It is well established that to recover damages from a breach of contract under New York Law, the damages “must be reasonably certain” and not “speculative, possible, [or] imaginary.” Tractebel Energy Mktg., Inc. v. AEP Power Mktg., Inc., 487 F.3d 89, 110 (2d Cir. 2007) (quoting Wakeman v. Wheeler & Wilson Mfg. Co., 4 N.E. 264, 266 (N.Y. 1886)) (emphasis omitted). Only such damages that “actually follow or may follow from the breach” are recoverable. Id. A plaintiff claiming general damages must show “a stable foundation for a reasonable estimate of the damage incurred as a result of the breach.” Id. (cleaned up).

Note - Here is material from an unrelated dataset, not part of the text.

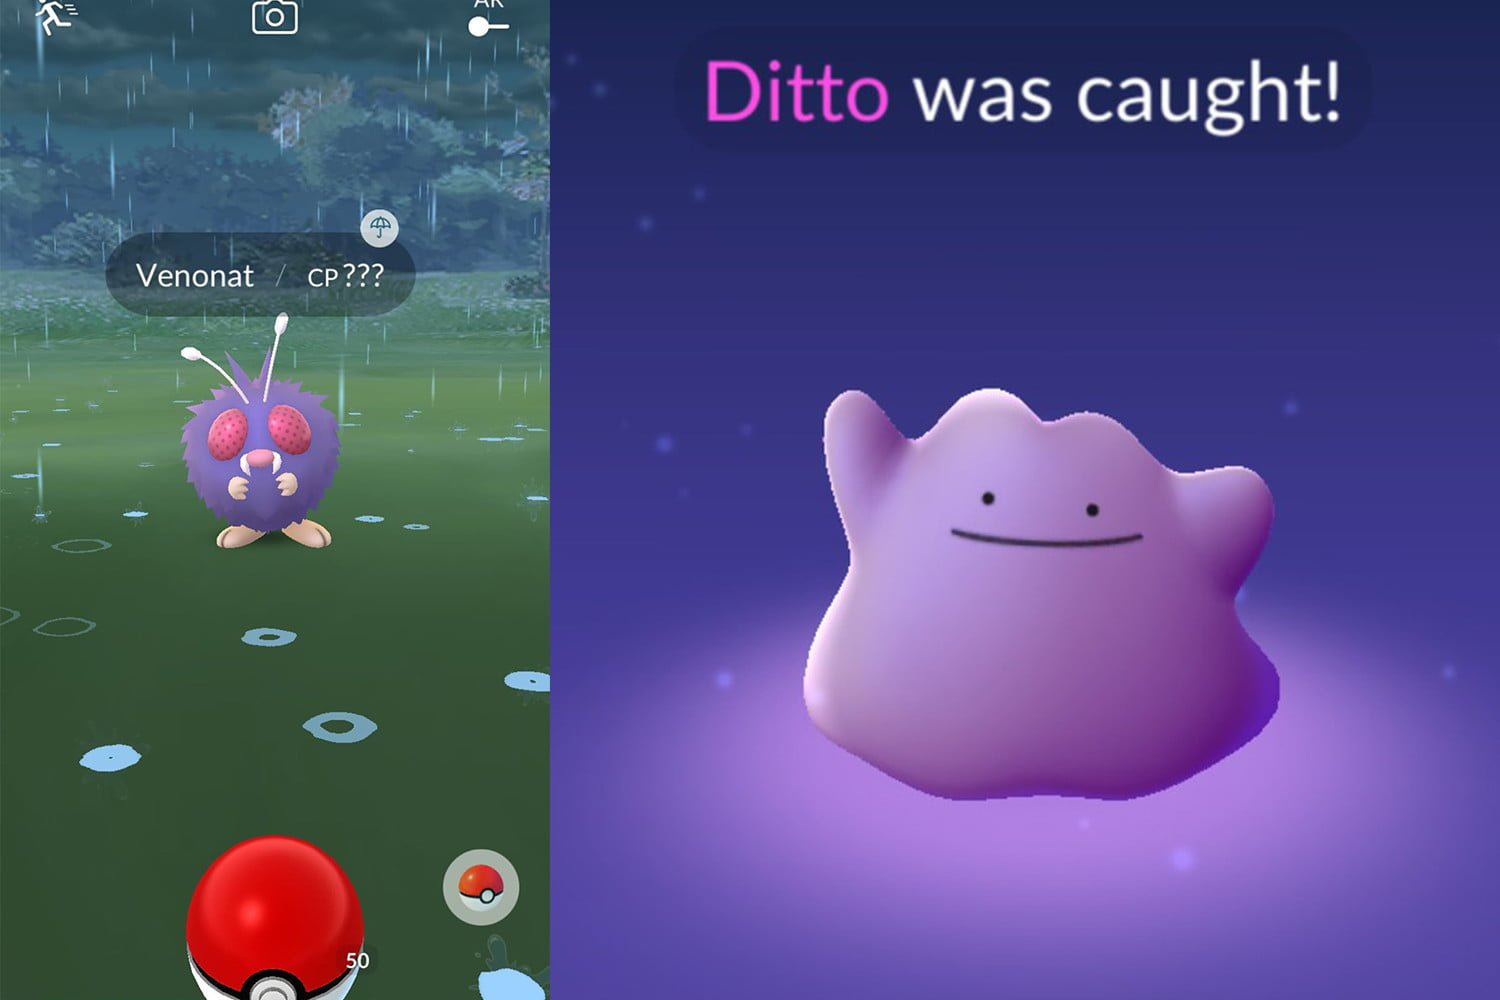 How to Get a Ditto in Pokemon Go?

The Court finds that for three of the agreements—those involving cars that Plaintiff actually made “available for pickup,” see R&R at 12—Plaintiff has established with reasonable certainty that he is owed additional damages pursuant to paragraph five.

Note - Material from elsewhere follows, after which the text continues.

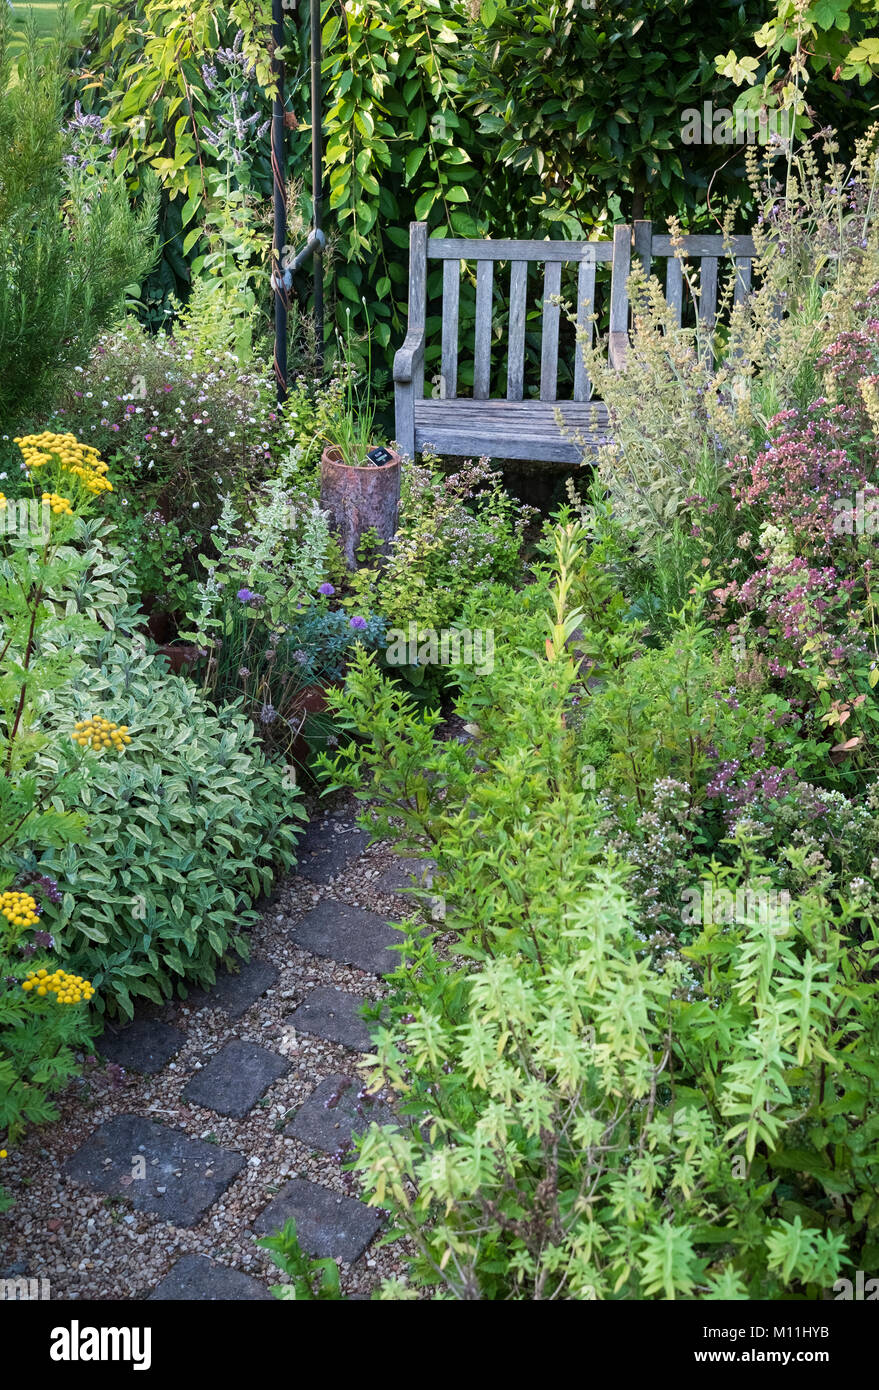 Small herb garden with wooden seating area, summer, August, England, UK Stock Photo

• Under the First Agreement, concerning a 2013 Lamborghini Aventador Roadster, Defendants agreed to pay Plaintiff any difference between the final price and the “[MSRP] + $55,500.00.” ECF No. 200 at 9 (Exhibit A). Plaintiff has submitted evidence that the car’s MSRP was $498,180, ECF No. 200-6 at 6 (Exhibit 12), and that he negotiated a “total cash price” for Defendants of $498,360, ECF No. 200-2 at 2 (Exhibit L). Accordingly, Plaintiff is owed an additional $55,320 in compensatory damages for the First Agreement.

• Under the Fifth Agreement, concerning a 2014 Range Rover Autobiography, Defendants agreed to pay Plaintiff any difference between the final price and the “MSRP + $58,500.00.” ECF No. 200-1 at 2 (Exhibit E).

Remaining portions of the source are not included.